Chris Andersen desplegando sus alas. (Foto: Jed Jacobsohn | Getty Images).

A pesar de su buen rendimiento, el general manager de Denver Nuggets (Masai Ujiri, mejor ejecutivo de la temporada 2012-13) decidió prescindir de sus servicios, aplicando sobre él la cláusula de amnistía para evitar superar el límite salarial. Andersen se quedaba sin equipo.

Volando alto

La temporada pasada empezó con Andersen como agente libre. Intentó buscar equipo en verano, sin éxito. Siguió ejercitándose, sin perder la esperanza de volver a la liga. El destino es caprichoso y demostró que la espera, a veces, merece la pena. Los campeones de la NBA, Miami Heat, buscaban la forma de reforzar su endeble juego interior sin exceder el límite salarial, algo complicado con los masivos contratos de Lebron, Wade y Bosh. Si había un jugador libre con la capacidad de aportar fuerza al juego interior y con un contrato no demasiado elevado, ese era Chris Andersen. El 20 de enero de 2013, Miami le ofrecía al pívot un contrato de diez días. Cumplió con creces las expectativas y, tras ponerle a prueba durante un segundo período de diez días, sería oficialmente fichado por los Heat hasta final de temporada.

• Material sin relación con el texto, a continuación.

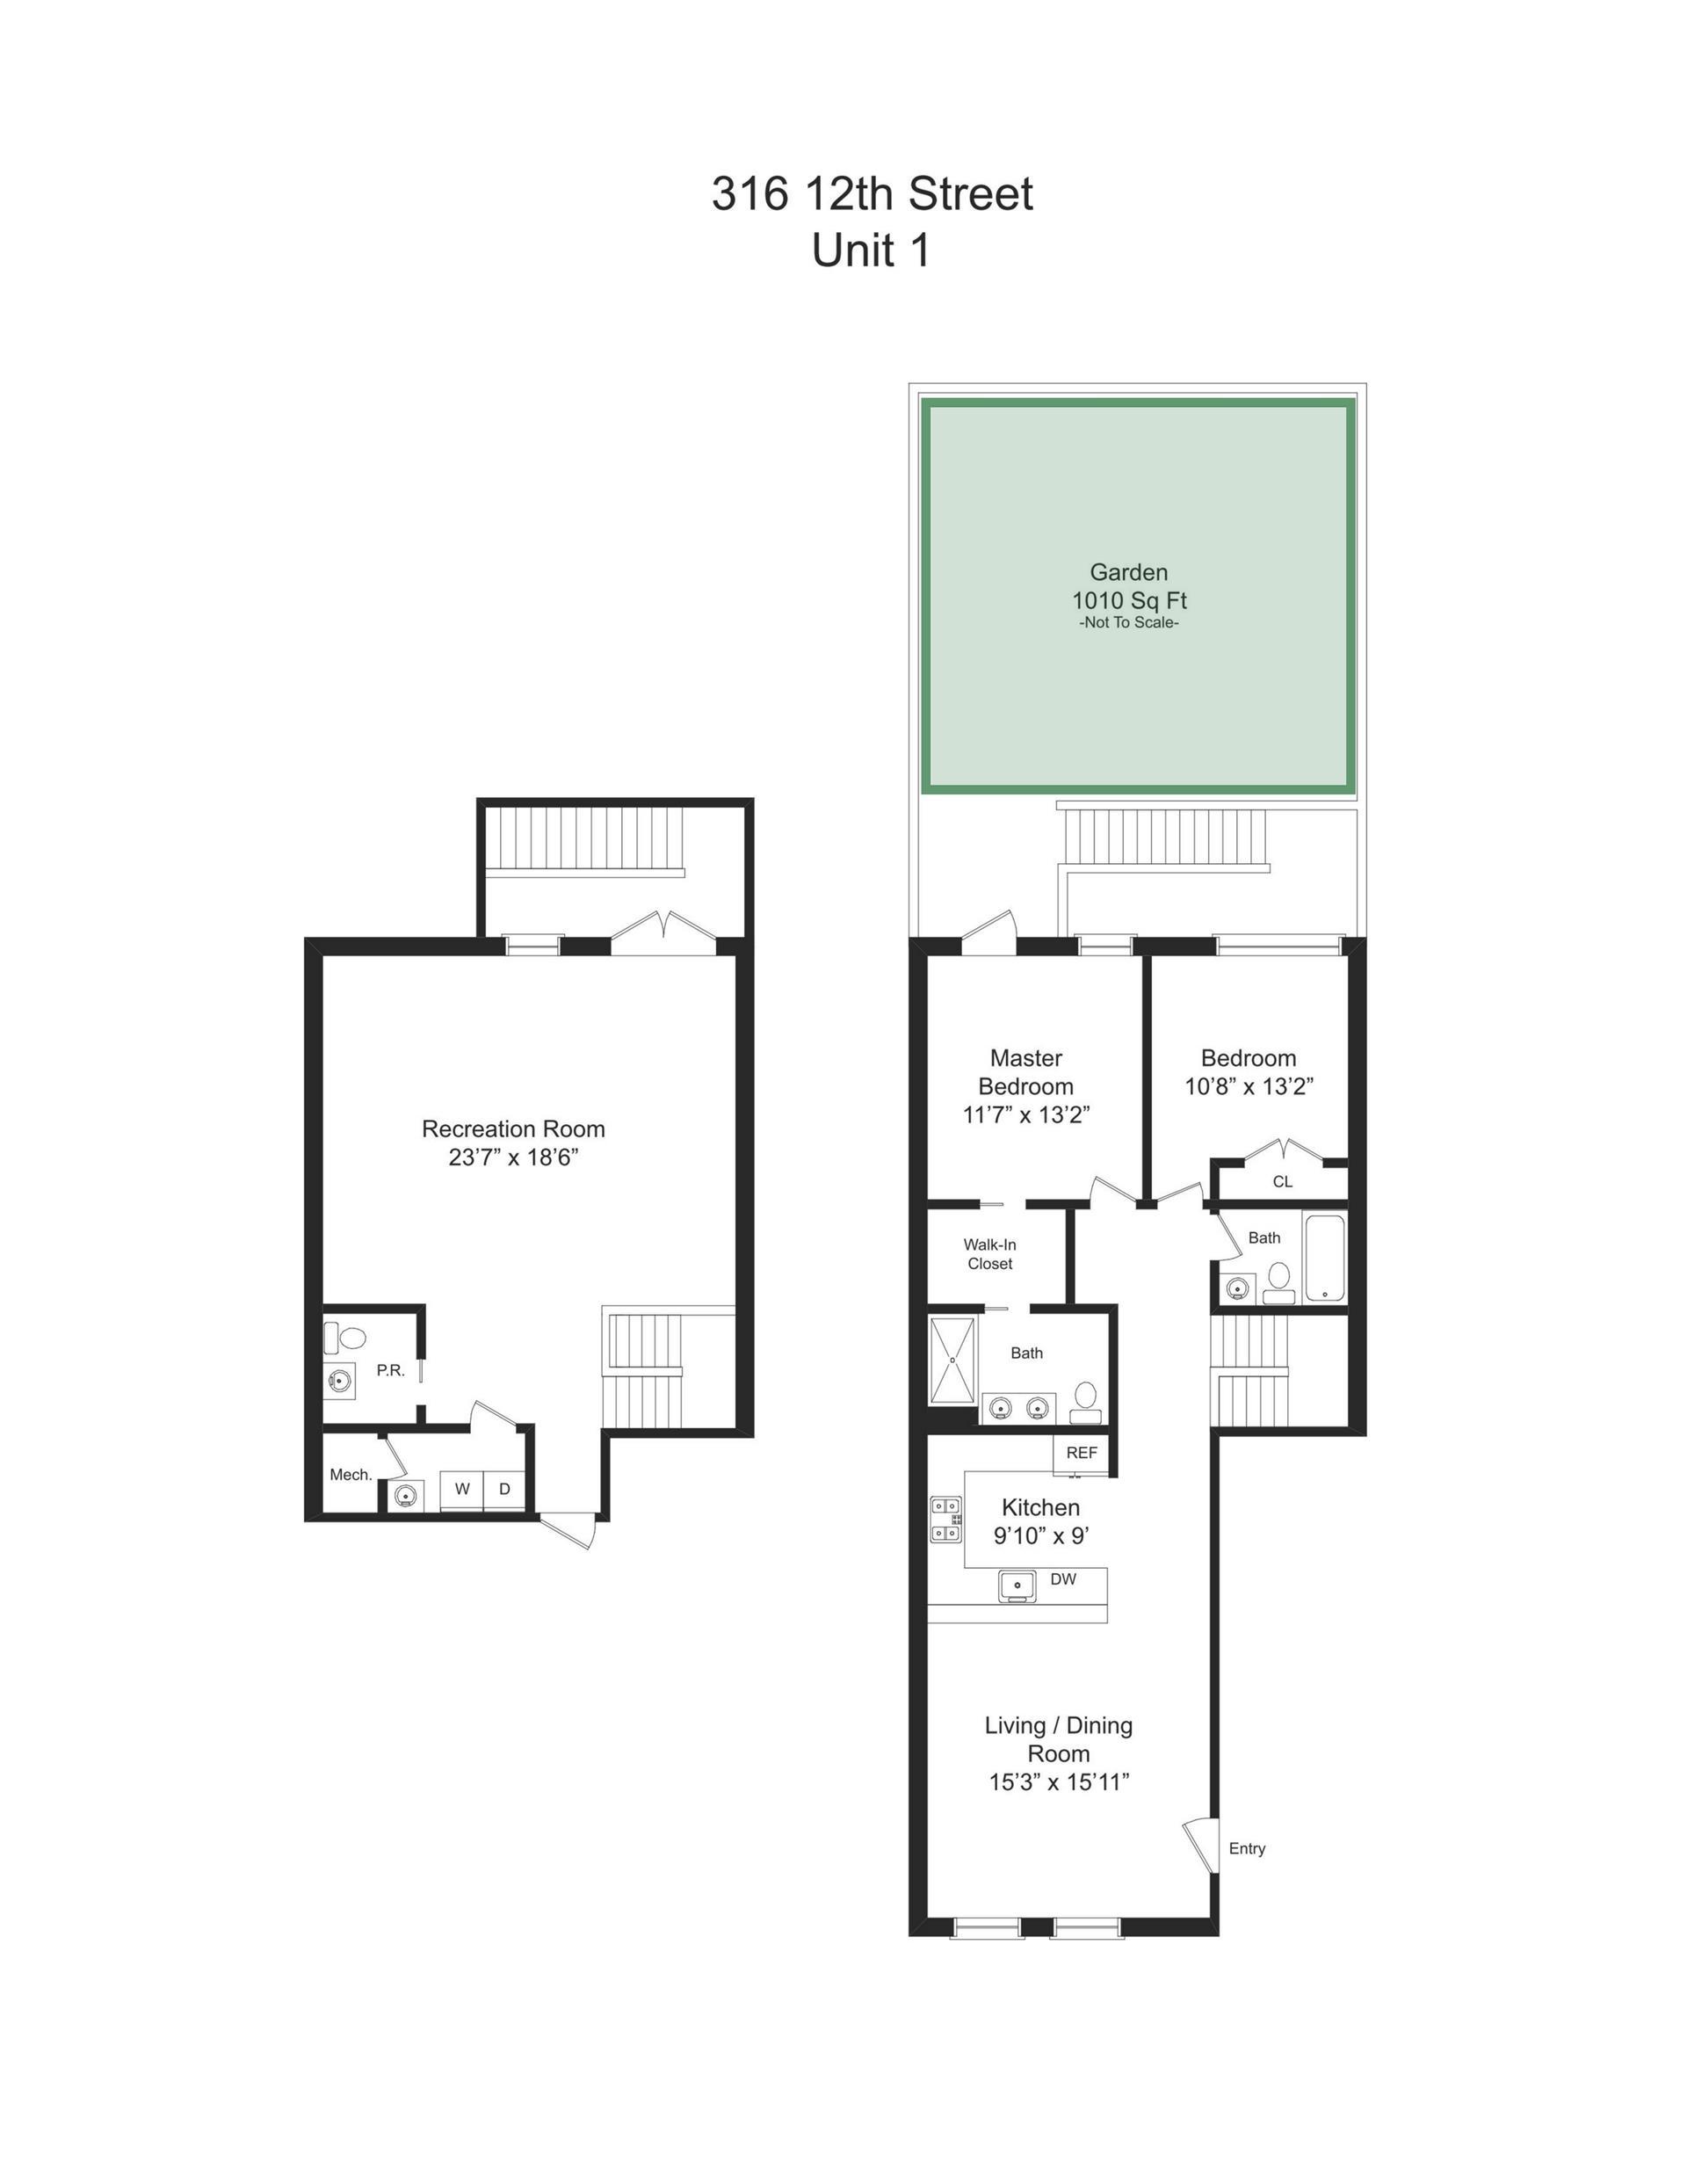 Floor plan of 316 12th St, 1 - Park Slope, New York

Miami le ofreció dos contratos de diez días antes de ficharlo

El impacto de Andersen en el juego de Miami fue inmediato, dotando a la segunda unidad de una consistencia en su juego interior que hasta el momento era impensable. Desde la llegada de Andersen, el récord de los Heat fue un espectacular 37-3. Su papel fue clave, además, en la racha de 27 partidos sin conocer la derrota de Miami Heat en la segunda mitad de la temporada. Alcanzaron holgadamente la postemporada, donde Andersen siguió contribuyendo en momentos puntuales. El culmen de su temporada fue la serie ante Indiana, que Miami comenzó anotando 15 canastas sin un solo error ante el poderoso juego interior de los Pacers. Una vez en las Finales, Spoelstra decidió apostar por el small ball ante San Antonio Spurs, por lo que Andersen no llegó a tener demasiados minutos. A pesar de su relativa ausencia, los Heat consiguieron ganar la serie (4-3) y alzarse como campeones de la NBA.

Chris Andersen a día de hoy. (Foto: Chris Totman | Getty Images).

La consecución del anillo habría sido algo impensable para el Chris Andersen que no encontraba equipo a principio de temporada, y más todavía para el que seis años antes había estado suspendido. Probablemente no fuera más que un sueño en la mente de aquel chico que comenzó a botar el balón en su casa en Iola. La historia de Birdman demuestra que, a veces, los sueños se cumplen. A pesar de encontrar obstáculos en el camino o (como en el caso de Andersen) de haberlo abandonado, la determinación acaba llevando al éxito.

Cuando se hable de los mejores jugadores de la década o, más concretamente, del anillo de Miami en 2013, no será la figura de Andersen la que pase a la historia. Puede que su nombre se desvanezca en el tiempo, pero para algunos quedará el recuerdo de un jugador diferente. Un hombre que superó una infancia dura y, tras caminar sin un rumbo fijo, logró encauzarse y llegar a lo más alto. Un espíritu libre (o un pájaro libre, como indica su cuello en referencia a la mítica canción de Lynyrd Skynyrd), capaz de consumirse, renacer de sus cenizas y reinventarse, alzando el vuelo por encima de lo que jamás habría creído posible.

Un pájaro que puede volar más alto todavía... o volver a caer.